On Wed, Feb 21, 2007 at 07:18:38PM -0600, Scott Granneman wrote:
> david dooling is quite smart & i generally trust what he says,

Many thanks.

> but let 
> me just point out that by default ubuntu uses the multiple-line method, 
> so it can't be bothering their servers too much. :)

Please do not lose trust.  Note that I conditioned my statements with
``if''.  Robert did the real work and looked at the man page, showing
that the latter ``if'' I had suggested was the correct one.

<wink>
Perhaps I just trust Robert to research and confirm anything I say.
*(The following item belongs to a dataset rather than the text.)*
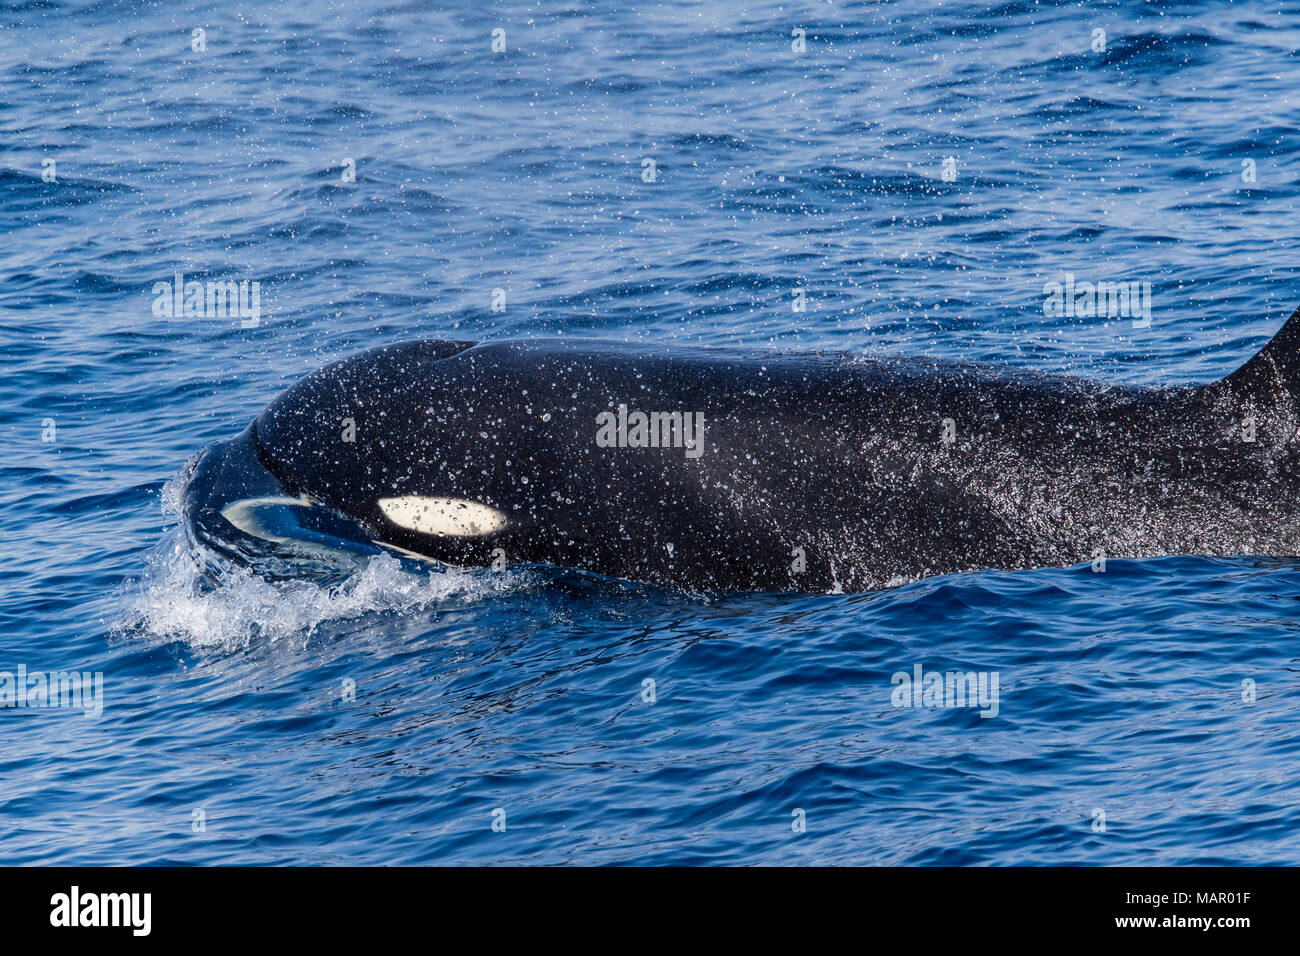 A Type D (sub-Antarctic) killer whale (Orcinus orca), surfacing in the Drake Passage, Antarctica, Polar Regions Stock Photo

I promise to do better in the future.
</wink>

> Robert Citek wrote:
> > David Dooling wrote:
> >> On Wed, Feb 21, 2007 at 03:32:29PM -0600, Robert Citek wrote:
> >>> Is there any advantage/disadvantage to having repository components
> >>> in one line or several lines in a sources.list file?
> >> When downloading files, apt parallelizes by opening one conncetion
> >> per server.  If it considers each line in sources.list a different
> >> server, apt would connect four times to archive.ubuntu.com.  This may
> >> be considerd abuse by the folks at Ubuntu (although they probably
> >> would not even notice).  If apt does some sort of string comparison
> >> to determine unique hosts, then there should no difference.
> > 
> > According to the man page, apt is doing some collapsing:
> > 
> > <quote>
> > APT will sort  the  URI  list after  it has generated a complete set
> > internally, and will collapse multiple references to the same Internet
> > host, for instance, into a single connection, so that it does not
> > inefficiently establish an FTP connection, close it, do something else,
> > and then re-establish a connection to that same host.
> > </quote>
> > 
> > But then man pages are like comments in code: occasionally out of sync
> > with reality.  Which is why I was wondering if anyone knew of any
> > gotchas to using multiple lines.